10.Lonette and Marlon, Marlon and his sad story, playing around, going back to Lonette? Her serving the drinks and her attitude towards Marlon, with Alfie, the attraction, playing pool, the sexual encounter? Her revealing her pregnancy – and his comment about a wet Wednesday? His going to the abortion clinic, her decision about the baby, saying she felt empty? Moving to the country? His later decision to visit, Marlon’s absence, Lonette and the baby, his previous comment about the baby that he would never get to know? Watching the baby, seeing it as his own – but his being rejected by Lonette? Marlon’s arrival, his look, Alfie’s realisation how much he had hurt Marlon, his own pain?
11.Nikki, seeing her as his Christmas gift, her wildness, the relationship, the New Year’s Eve, cracking the glass? Her being at home, not wanting to be dumped? Going out into the rain and his watching her?
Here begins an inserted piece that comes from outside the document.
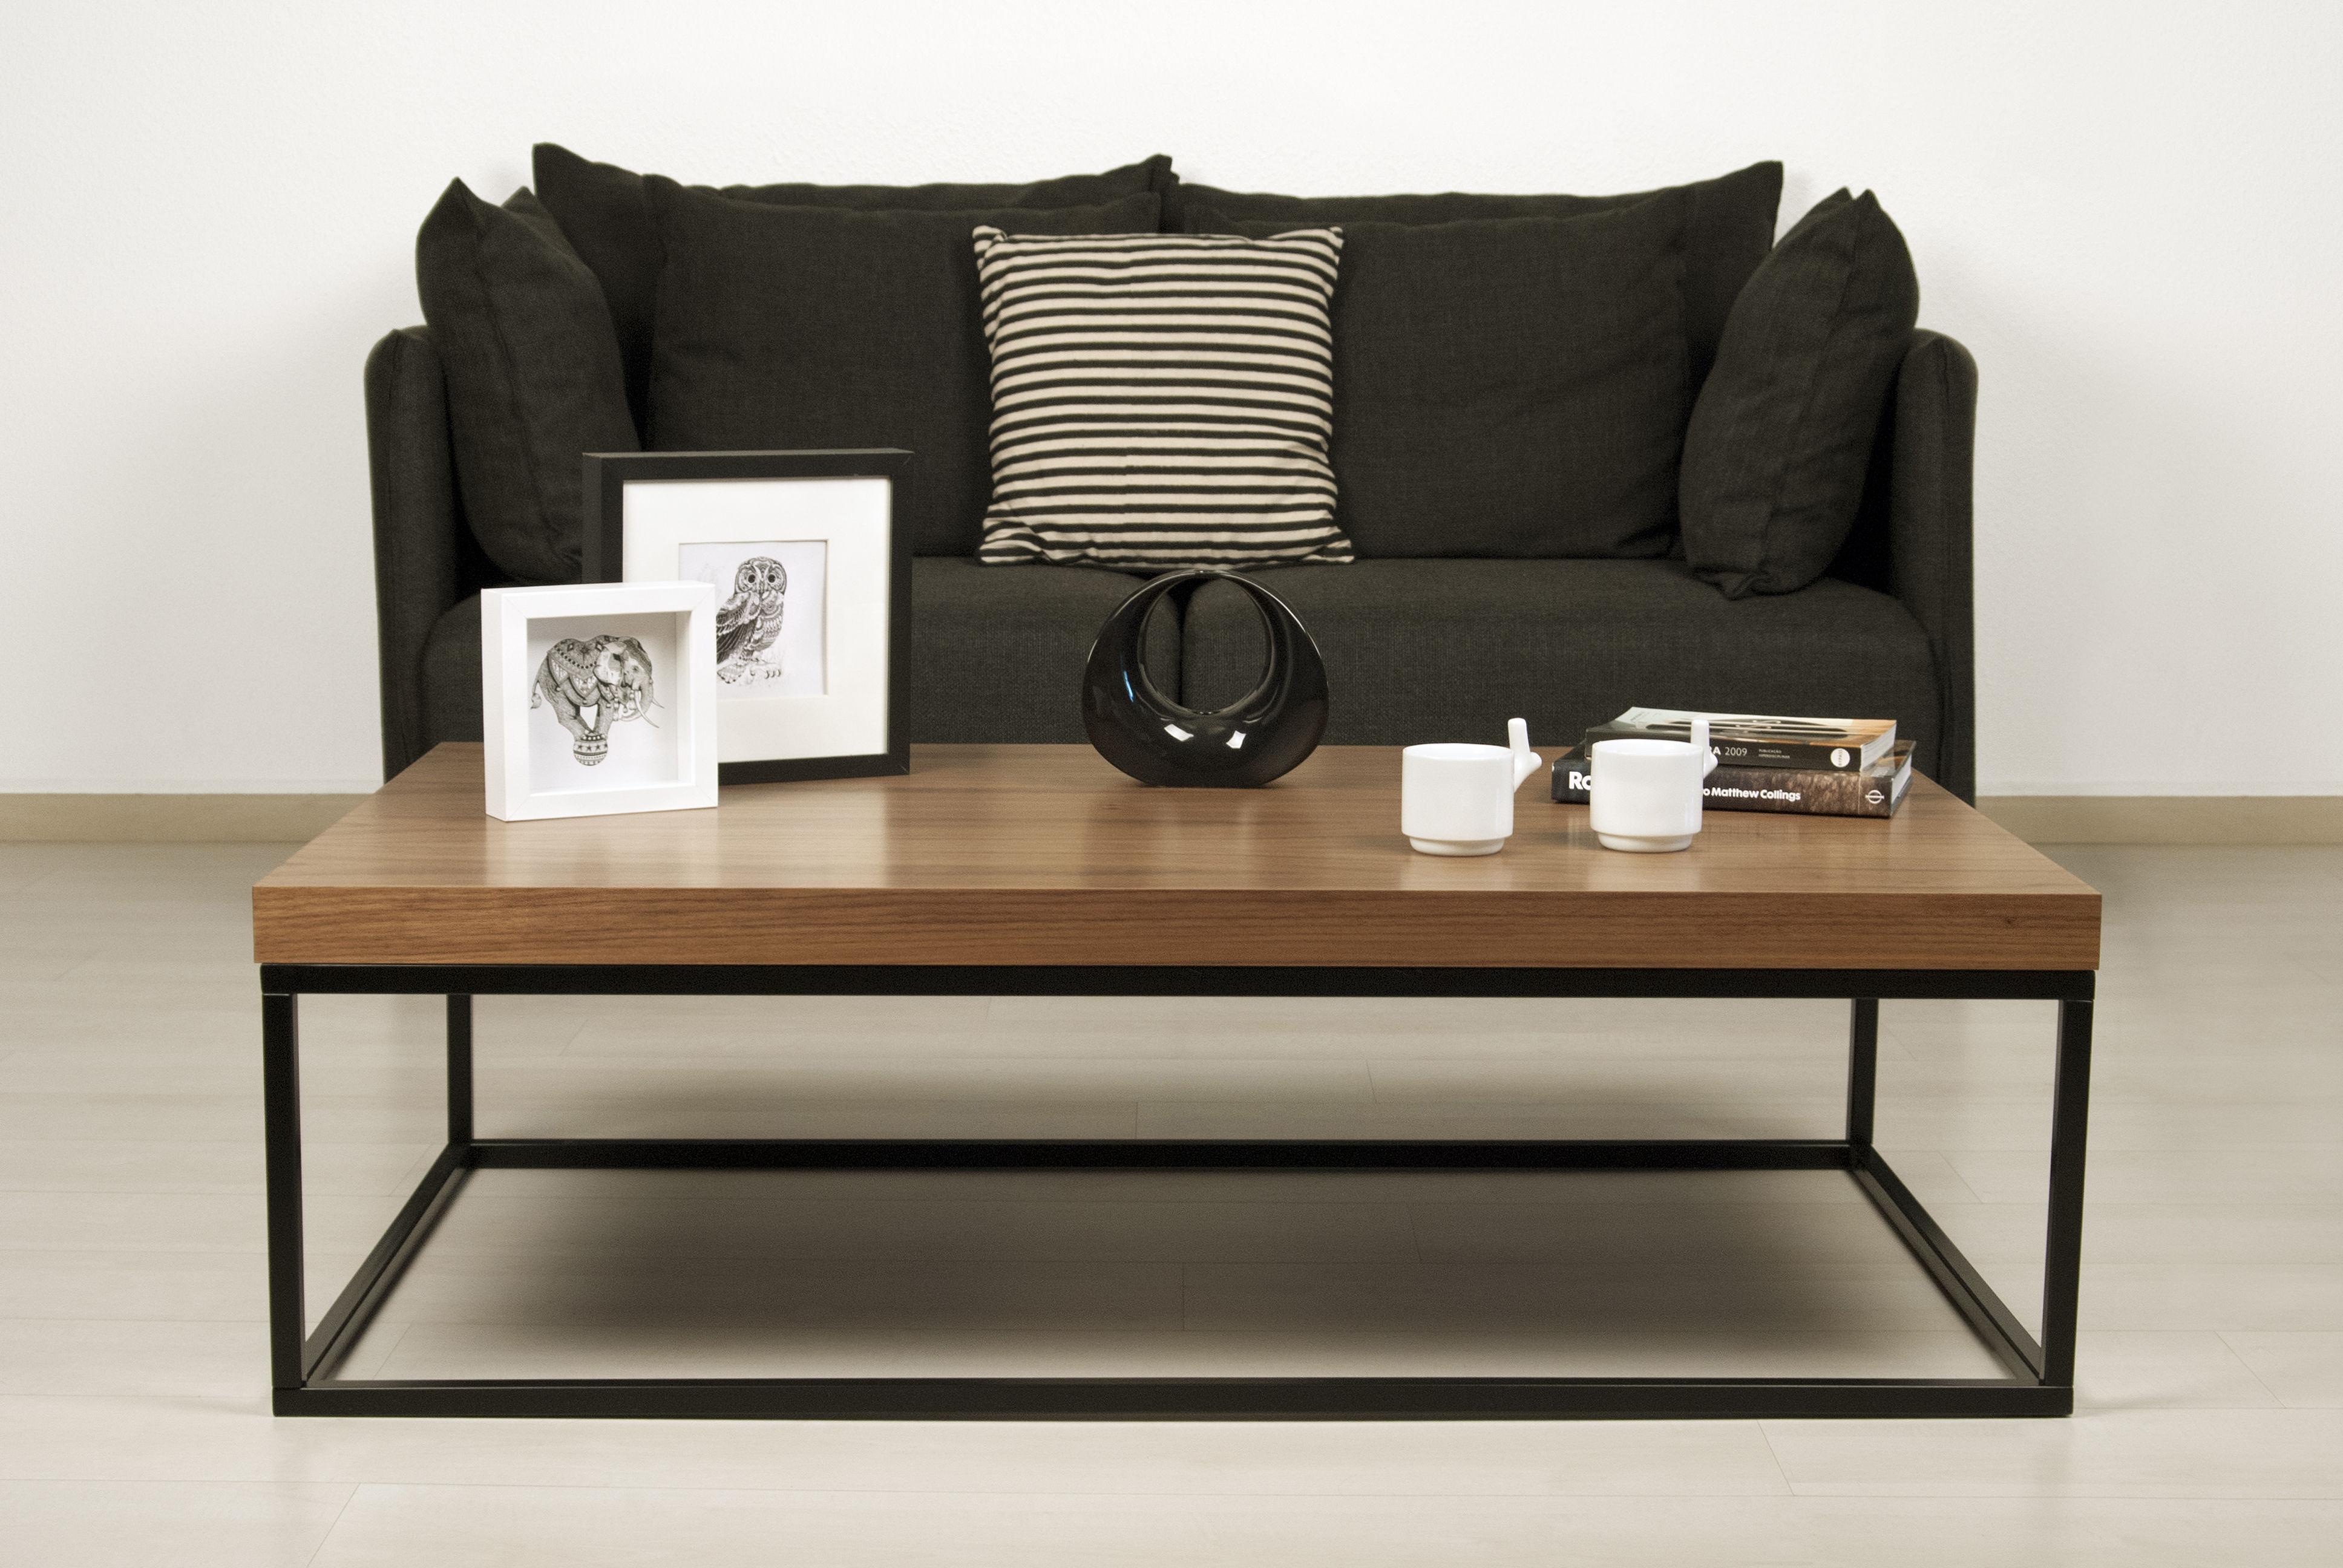 Basse Table Rectangulaire Noyer Pop Up Wallnut Home PZOXiukT

12.Liz, his driving her, her relationship with the man, going shopping, his intervention and talking about the dress? Going at night to her house, her wealth, running the perfume company? Her age and his comments about her and her beauty? The absinth and its effect? His return, the elaborate buying of the flowers and the flower arrangement? Her giving him the brush-off, her finally telling him that she preferred a younger man? The repercussions for him, his being dropped?
13.His illness, impotence, going to the doctor, the tests? His limping home, the schoolteacher with the schoolkids and her getting them not to look? The news that he was all right, his comments about thinking about God and life?
14.His meeting Joe in the toilet, Joe’s story about his wife, her death, his grief, affection and lack of affection? Offering his card? Not expecting Alfie to use it? The irony of the end, Joe as his friend, the walk along the beach? Joe and his wisdom and common sense about identity, relationships?
15.The cumulative effect of the experiences on Alfie, the visualising of each of the women? Lonette and the baby? Marlon’s look?
16.Alfie and his questions, his voice-over, the musical theme – “What’s It All About?” How far had he progressed in self-understanding, in relating to others?